I have also seen instances where it showed two shows recording at the same time and I could not stop either one. A soft reboot corrected the problem but the two shows that were taping did not appear in the DVR list. It was like the unit thought they were recording but in reality it was not. 

Try to get more info, but have been a bit busy with the holidays/


----------



## SimpleSimon (Jan 15, 2004)

The skip-to-end hang is a known bug (although probably "forgotten" like so many others).

My 921 is auto-rebooting overnight more consistently since L211. No idea why. Maybe they made the eligible time window bigger?


----------



## Mike D-CO5 (Mar 12, 2003)

I have been losing my ota digital locals for the last 3 nights in a row. The 921 records the 5:00 news till 6:00pm on my digital ota station. I start the recording after it has started recording, say 15 minutes into the recording, and I will watch till it is finished. Soon as I delete the recording the screen will show a satellite channel number with digital numbers, ex: 133-01 channel not found. It is really on channel 133 Fox movie channel. I then try to change to any other channel , satellite or ota digital and I get 00 strength on my digital locals and I sometimes get the satellite channel to come back . I then have to do a powercord reboot to get my digital locals back. 

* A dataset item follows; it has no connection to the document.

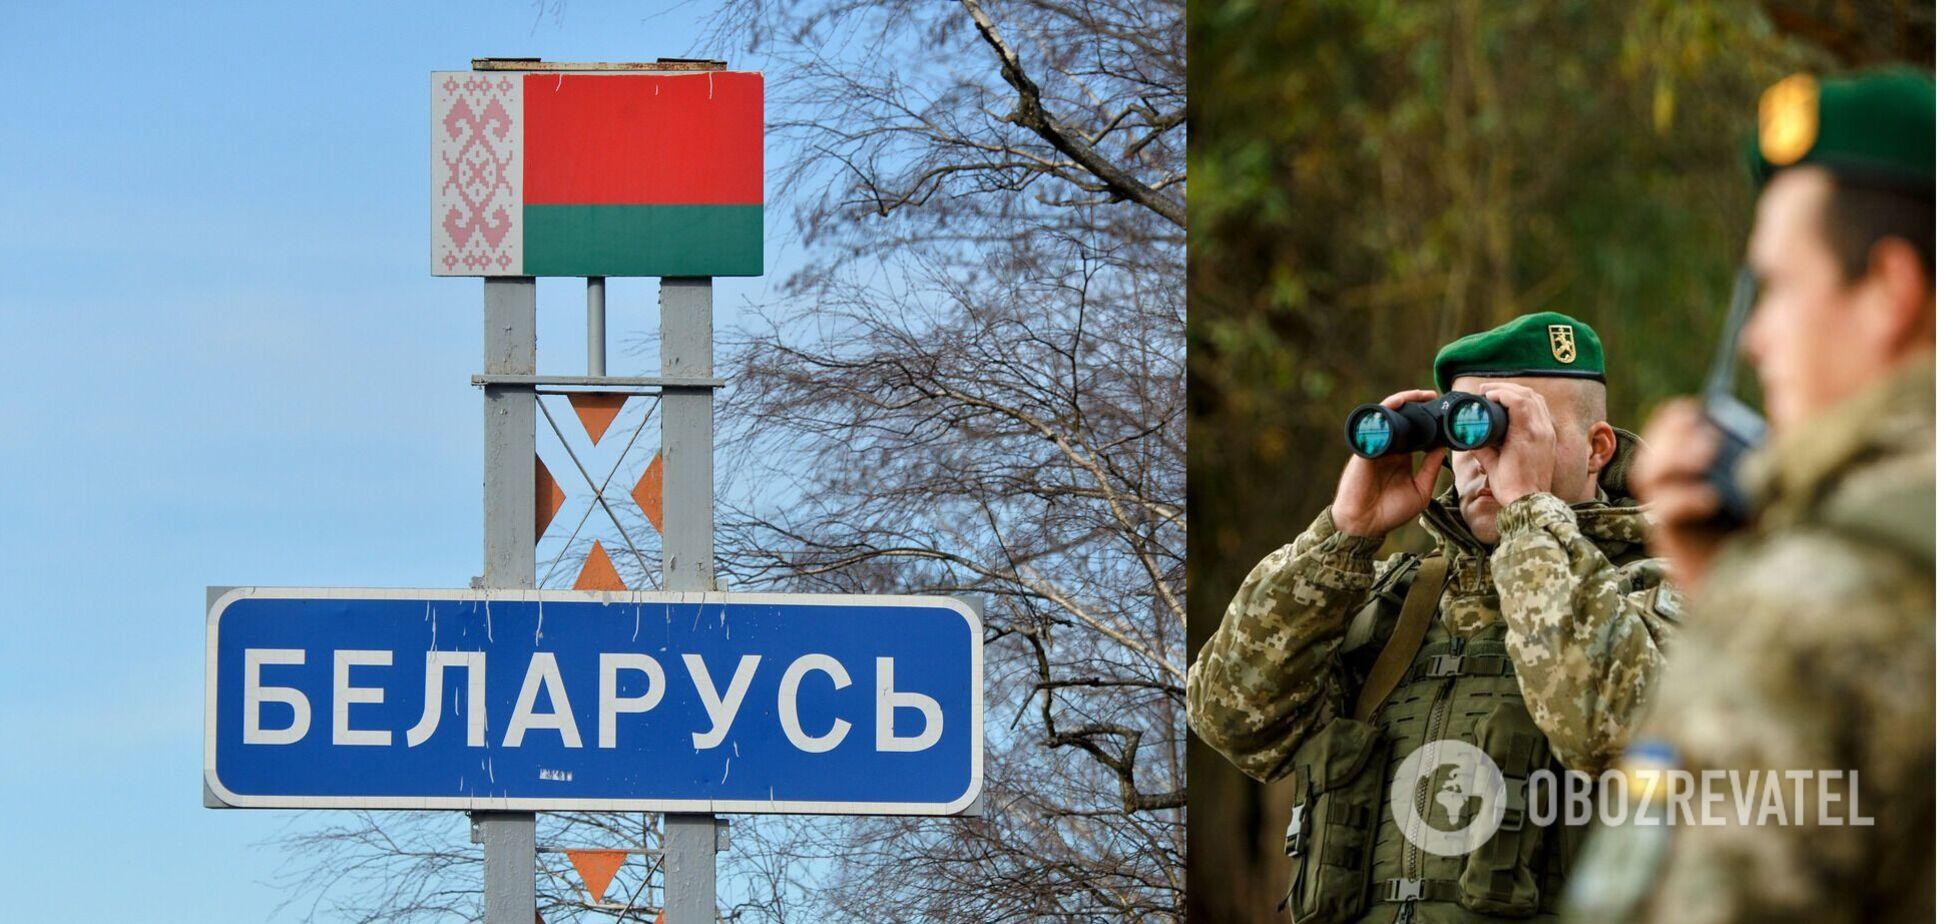 Білорусь заявила про посилення охорони кордону з Україною: в ДПСУ не підтвердили

This receiver has been locking up a lot for no reason lately. I even have the guide slowly loading and it takes up to 8 seconds to change the channel. Another powercord reboot. I also have problems with the format button sticking and the occasional jitter on some sd channels , even on my ota digital stations. This receiver has gotten more and more unstable since 211. 

card revision DNASP103 REV300
Boot version 120B
Flash version F051
SW version L211HECD-N


----------